The governors who met with Obama, representing the National Governors Association, said they didn't want to endorse one plan or the other. "We agree that something should be done," said Gov. Jack Markell, D-Del., chairman of the NGA, after the meeting.
Like his statehouse colleagues, Markell expressed concern about the economic uncertainty surrounding the possibility of the fiscal cliff.
The president's guests included Republican Gov. Scott Walker of Wisconsin, whose battles with public employee unions made headlines throughout the recent election season.
Walker -- who also reported that "our focus was not on endorsing a specific plan" -- said the group wanted to make sure that the nation's governors got "a seat at the table" as the White House and Congress worked through budget issues.

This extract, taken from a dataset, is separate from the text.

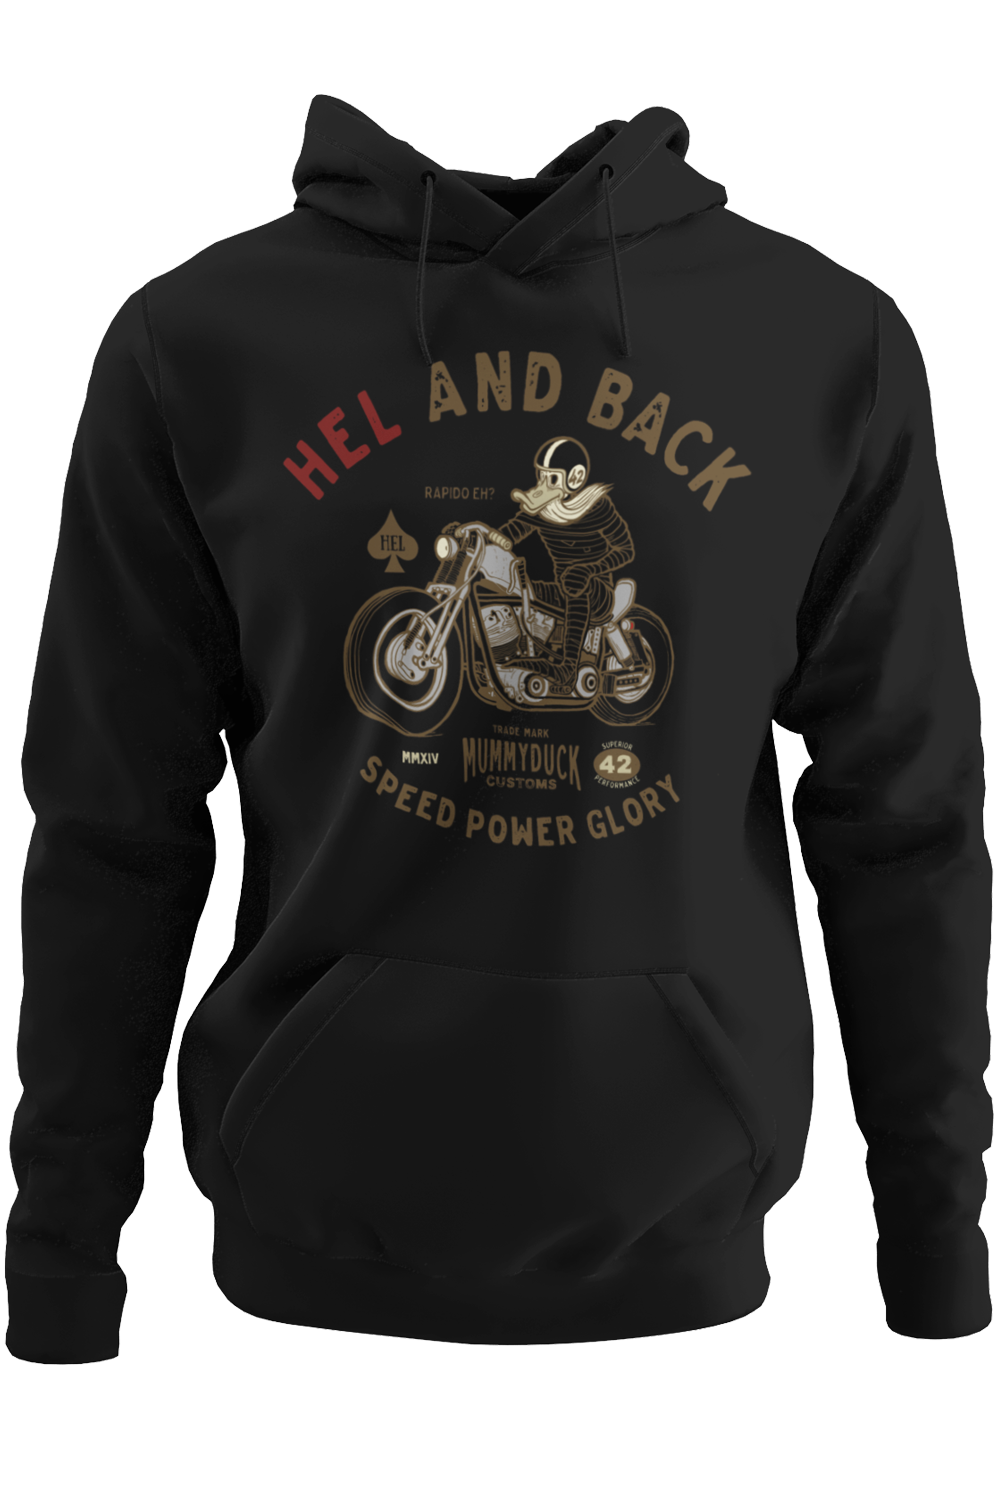 Mummy rider with his HD. He bows power and speed. He’s fast if needed. Otherwise, he just rides HEL and back if he pleases.  Everyone needs a cozy go-to hoodie to curl up in, so go for one that's soft, smooth, and stylish. It's the perfect choice for cooler evenings!

White House officials said higher taxes on the rich are part of a "balanced" plan that also includes budget cuts as a way to reduce the national debt that now tops $16 trillion.
During the Bloomberg interview, Obama said Boehner's plan to rely on closing loopholes would raise no more than $300 billion or $400 billion, much less than the $800 billion projected by the GOP. In order for the government to raise sufficient revenues through the closing of loopholes, Obama said officials would have to consider the elimination of popular tax breaks, such as the one on charitable contributions.
Even some Republicans are criticizing the Boehner plan, saying they oppose any type of tax hikes. "Speaker Boehner's $800 billion tax hike will destroy American jobs and allow politicians in Washington to spend even more," said Sen. Jim DeMint, R-S.C.
The other governors who met with Obama were Gov. Mary Fallin, R-Okla, the vice chair of the NGA; Gov. Mike Beebe, D-Ark.; Gov. Mark Dayton, D-Minn.; and Gov. Gary Herbert, R-Utah.
The group has also scheduled separate meetings with Boehner and Senate Majority Leader Harry Reid, D-Nev.
Treasury Secretary Timothy Geithner -- Obama's key negotiator on Capitol Hill -- briefed the governors about the administration's plan.
Obama and aides said little about legislative strategy on a final deal, the governors reported. The president "did not handicap it one way or another," said Markell.
The governors' meeting is Obama's latest effort to build support for his negotiating position on the fiscal cliff. Since Thanksgiving, the president has met with with labor leaders and business CEOs as well as congressional leaders.